Hydrologic Indicators
The U.S. Geological Survey measures streamflow in rivers and streams across the United States using continuous monitoring devices called stream gauges. This indicator is based on 211 stream gauges located in areas where trends will not be substantially influenced by dams, reservoir management, wastewater treatment facilities, or other activities.
This indicator examines three important measures of streamflow conditions that occur over the course of a year. Figure 1 looks at the driest conditions each year, which are commonly calculated by averaging the lowest seven consecutive days of streamflow over the calendar year. Figure 2 examines high flow conditions, which are commonly calculated as the highest average flow over three consecutive days.
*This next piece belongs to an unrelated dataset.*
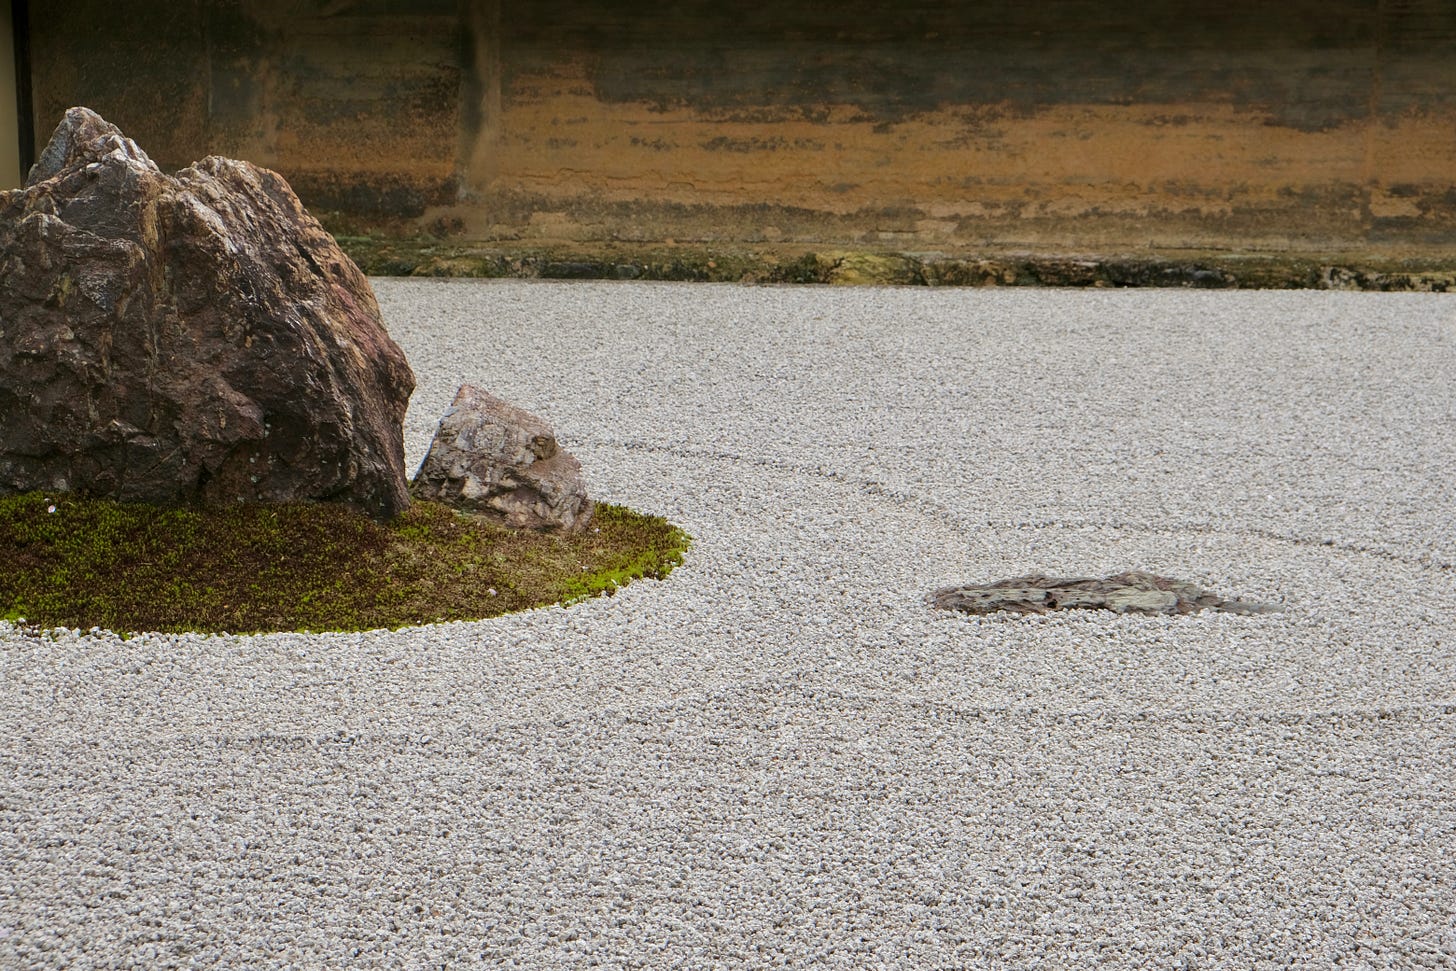 A raked Japanese garden. Photo by Ben Dark

Hydrologists use this measure because a three-day averaging period has been shown to effectively characterize runoff associated with storms and peak snowmelt throughout a range of watershed areas.
Figure 3 shows changes in the timing of spring runoff over time. This measure is limited to 78 stream gauges in areas where at least 30 percent of annual precipitation falls as snow. Scientists look at the total volume of water that passes by a gauge between January 1 and May 31, then determine the date when half of that water has gone by. This date is called the winter-spring center of volume date. A long-term trend toward an earlier date suggests that spring snowmelt is happening earlier. Figure 3 covers a shorter period of time than Figures 1 and 2 (50 years instead of 70 years) because of data availability.
Key Points
- In the past 70 years, seven-day low flows have generally increased in the Northeast and Midwest (in other words, on the driest days, streams are carrying more water than before) in parts of the Southeast and the Pacific Northwest. Overall, more sites have seen increases than decreases. The graph shows the influence of widespread droughts—for example, during the 1950s and 1960s (see fig. 1).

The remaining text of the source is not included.